Days change into months into years, and the time passes around her, unmoving, on the beach. She can create buildings and worlds but not food; it all tastes like ashes in her mouth and that's another part of reality she misses. She thinks she misses the company, but it's getting harder and harder to project anything outside of herself. The waves wash up and down the shore, hypnotic and unchanging, and she wonders if it ever ends. She wonders if she's become old and wrinkled, and mourns the fact that she never got to experience anything in reality. It's a lesson learned too late.
When Arthur washes up onto the shore, she wonders if he's a projection and whether she's gone crazy, in that order. She gave up on projections a while ago -- her subconscious retreated further inside her, and it felt strangely incestuous being surrounded by images from her own mind. Surely, she couldn't create him, not like this. Nothing this imperfect. Leaning forward on her knees, she brushes a strand of hair away from his eyes and notes his flaws with a fascination she hasn't felt in a while.
The waves lap in and out, in and out, and she's staring at the sun by the time he wakes up, rolls over, coughs salt water into the sand.

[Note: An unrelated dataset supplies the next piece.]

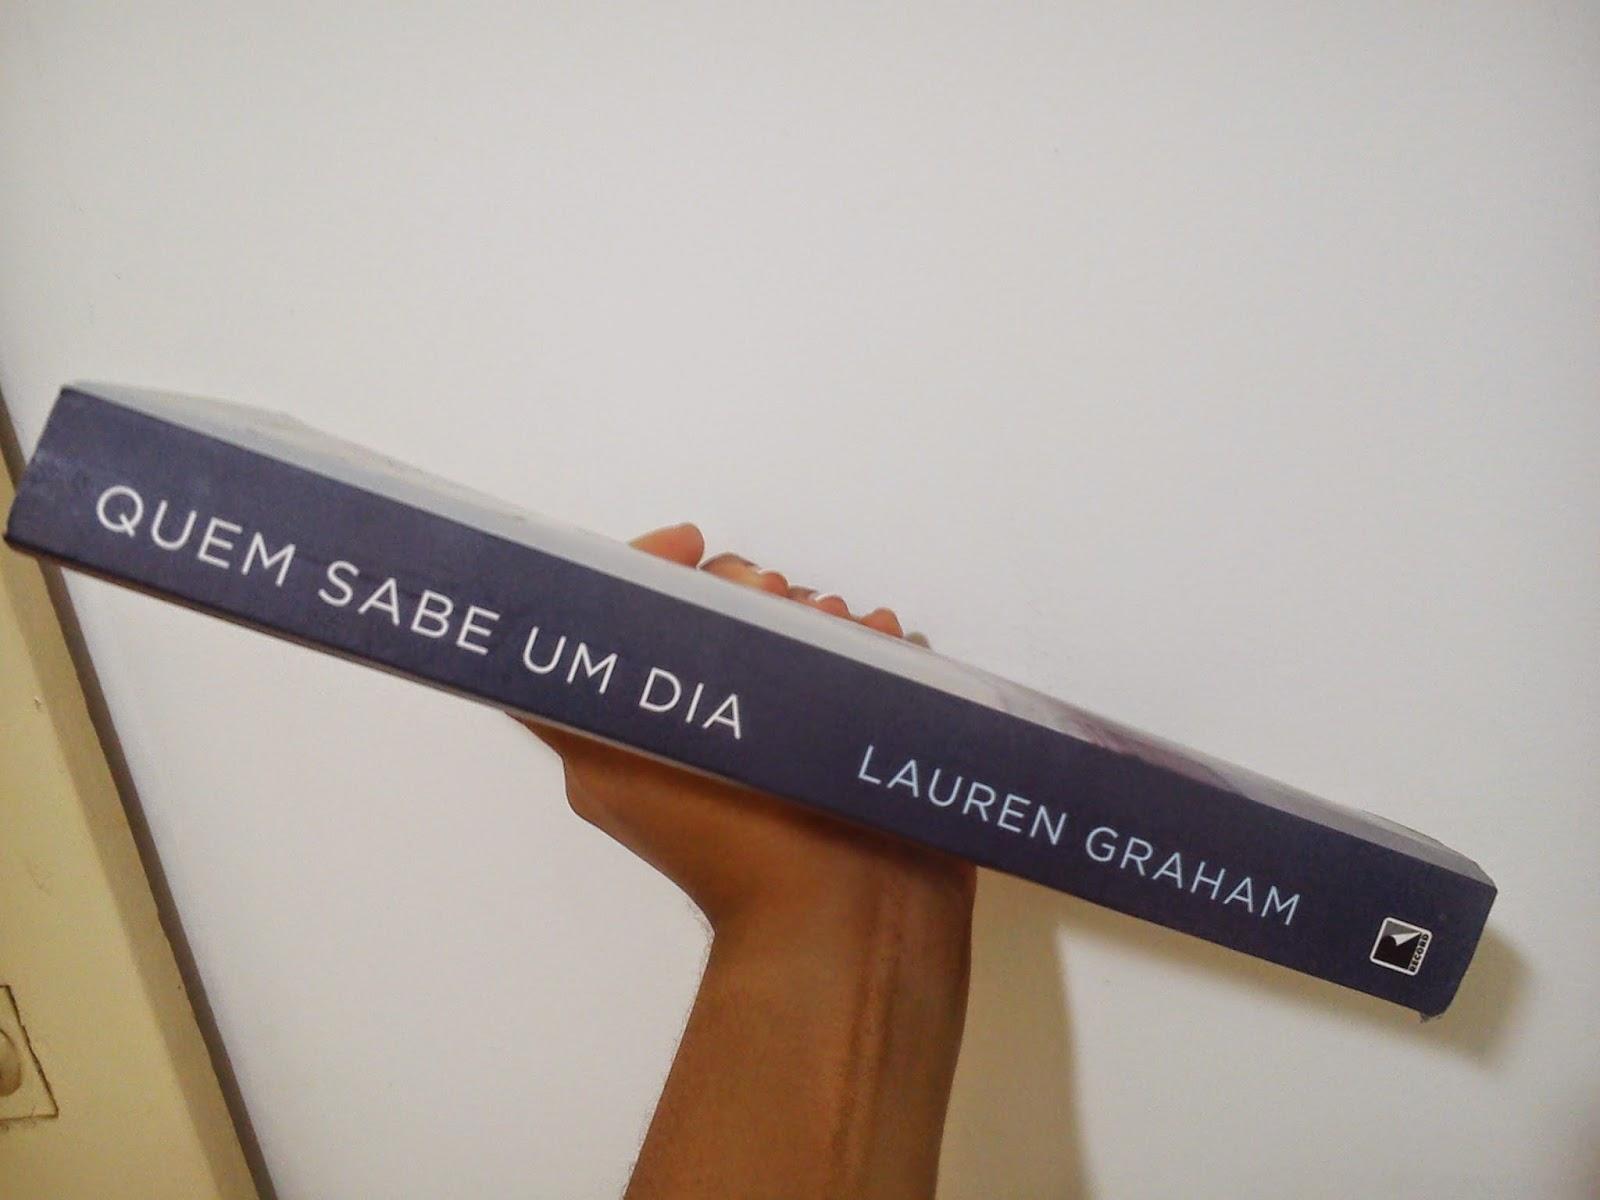 2015 01 18%2B05.07.17%2B1 - Quem sabe um dia - Lauren Graham

The first thing he does is brush down his suit, straighten his tie and slick back his hair and she feels a stirring of an emotion that she's never felt.
The second thing he does is kneel in front of her and take her hand and say, "I thought I'd never find you." He stands up after that, as though embarrassed by his own emotions, but he doesn't drop her hand. "We have to get out of here." He glances up and does an almost imperceptible double take, glances back down to her face. "Ariadne. Where are the buildings?"
"It's not like it's real," she tells him, trying to express the thoughts that have taken her six years to create (and maybe her thoughts are fragments of something real, and maybe they aren't). "It's -- Arthur, it's, we need rules, something to push against."
"Okay," he says, and he's listening to her so at least that's something. "Philosophical as this is, do you think we could get at least a level up before we have this discussion?"
She grasps his hand, pulls him forward so he can hear her urgency. "I can't get out."
"I know you can't," he says, and his grip on her hand is firm and real above all else. "That's why I came to get you."